Antes del texto de Martínez, el lector puede ver un documental animado en el cual un hombre relata en primera persona su historia de refugiado. Las ilustraciones en movimiento acompañan el relato que surge de la memoria reciente. Este video ejemplifica el nivel más básico de relaciones transtextuales, el de la intertextualidad manifestada a través de la cita del discurso del otro. El texto de Óscar Martínez no es el único que conforma la obra; el lector está expuesto a videos breves que dialogan con otras primeras personas, como también es el caso del documental “Buscando la paz en México: Una familia dividida por la violencia de las maras”, el cual es relatado en primera persona por la madre de una familia salvadoreña deportada de México. En ambos videos pareciera que la voz de las víctimas nos llega sin mediaciones, como si fuera una historia relatada por ellos mismos, con el acento y el vocabulario que le otorga una identidad distinta al autor del texto principal. Sin embargo, la historia tiene un límite de tiempo y es evidente que ha sido editada; el narrador interviene en frases escritas sobre la imagen en movimiento.

La ilusión polifónica es más difícil de sostenerse en el caso del “audiobook”. Al inicio del texto, el lector es advertido que la lectura le tomará “unos 90 minutos” y se le invita a hacer click en el botón “escuchar relato”. Narrada únicamente por Óscar Martínez, la historia en formato de audiolibro no hace diferencia entre la voz del narrador y la de los personajes citados de manera directa. La voz del autor se confunde con la de sus entrevistados, es una sola, sin inflexiones ni cambios de tono, libre de los signos lingüísticos que en la escritura marcan las diferencias entre distintos discursos.

La metatextualidad también está presente en la crónica de Martínez a manera de comentarios de tipo ensayístico, aunque de forma quizá más sutil, en tono menos irónico que en el caso de Caparros:

Basta venir a este albergue, conversar con los que pasan el rato alrededor de la cancha, para darse cuenta de que una de las razones por las que el norte de Centroamérica no tiene una cifra de homicidios aún más espantosa es porque mucha de su gente se salva sola. Era gente muerta caminando. Decidieron, sin ayuda de ninguna autoridad, seguir viviendo. Se calcula que este año más de 20.000 personas pedirán asilo en México.
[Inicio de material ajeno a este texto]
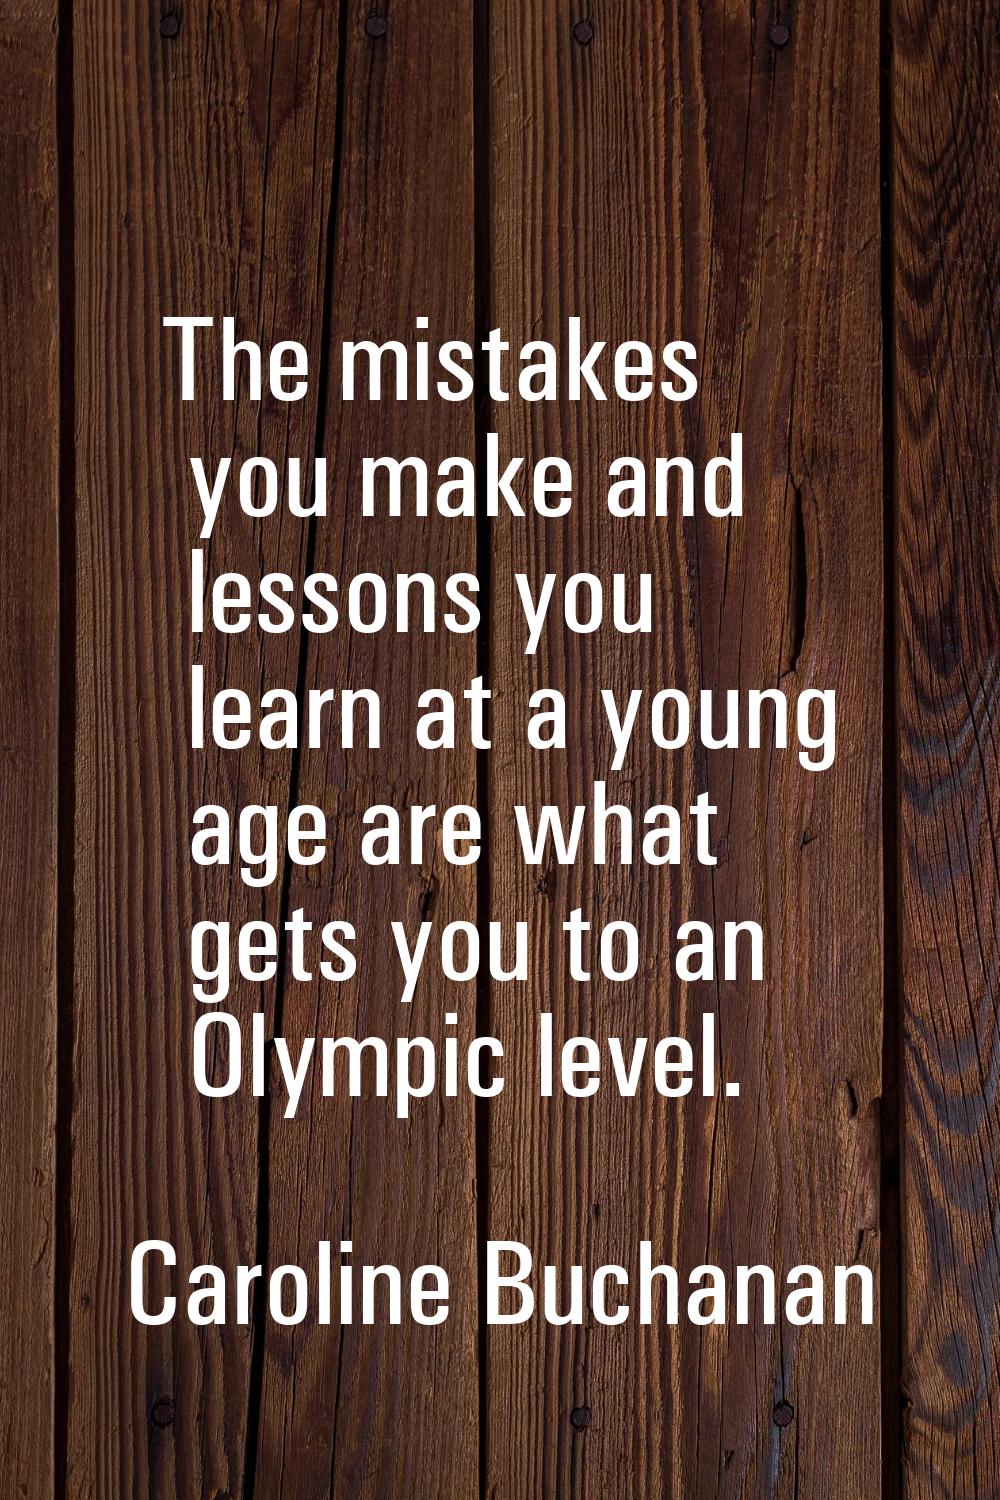 The mistakes you make and lessons you learn at a young age are what gets you to an Olympic level.

Cuántos de ellos serían si no un número más en las estadísticas de la muerte centroamericana: ¿10, 100, 1.000, 10.000? (parte 8, párr. 7)

El periodista no opina más, pero una imagen en movimiento concluye la historia de manera que el lector-espectador tiene la última palabra. El video enfoca a varias personas que caminan de prisa por la orilla de una carretera selvática. La cámara se mueve lentamente desde un automóvil o eso aparenta; es un movimiento de cámara tipo travelling lateral que evoca una situación de vigilancia. El espectador toma la posición de quien observa a los migrantes desde una patrulla. Los migrantes observan directamente a la cámara, es decir, a los ojos del espectador, mientras caminan cada vez más de prisa; no hay sonido, pero sus bocas gesticulan y sus rostros muestran angustia. En la pantalla aparecen frases a manera de subtítulos que traducen las voces sin sonido propio: “atrás viene la migra”, “cuidado con la migra”, “escóndanse” (parte 8, párr. 7).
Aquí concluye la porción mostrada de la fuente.